Hawaii drivers aren't that polite

In response to Smoky Guerrero's and Otto Cleveland's Jan. 15 letters: Guerrero is correct; paradise has been paved. But adding light rail would not distract from the "majestic Koolau and ocean views" any more than the large SUVs and buses we already are stuck behind on the H-1.

If done correctly, a rail system could actually assist riders -- residents and tourists alike -- in viewing what natural beauty still remains on Oahu. In addition, it could provide economical and timely transportation.

This brings me to Cleveland's letter. Drivers in Oahu are polite? Try oblivious. "Polite" means, as the Hawaii Driver's Manual states, "when moving slower than other traffic you should drive in the extreme right lane."
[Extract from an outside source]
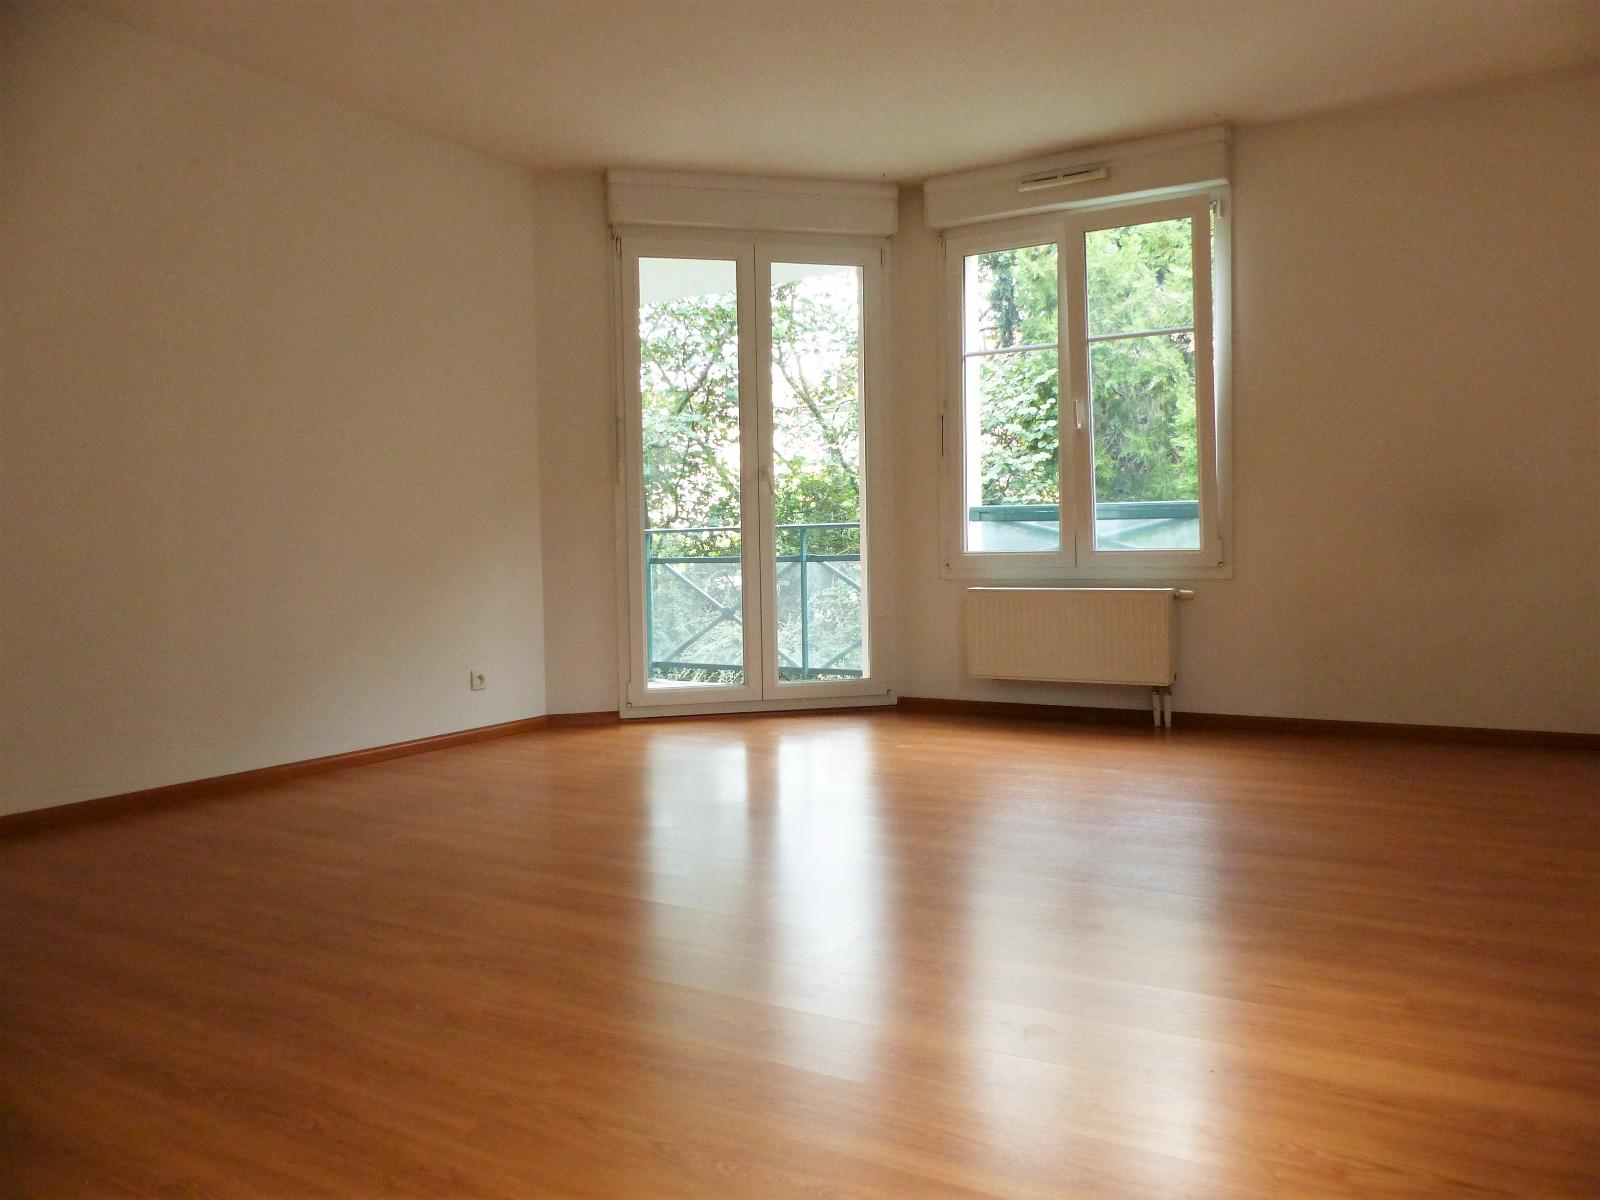 Appartements mulhouse mulhouse dornach au calme for Appartement atypique mulhouse

Here's what frustrates mainland drivers: HOV, Zipper and contraflow lanes that do not work, the bus that takes up an entire lane when it stops, rubberneckers, people who cannot drive in the rain, people who slow to 10 mph while exiting the highway, people who don't use turn signals and traffic lights that are never in sequence.

It is not a matter of being too polite. It is a matter of abiding by the rules of the road, being aware of your surroundings, using common sense and investing in the infrastructure.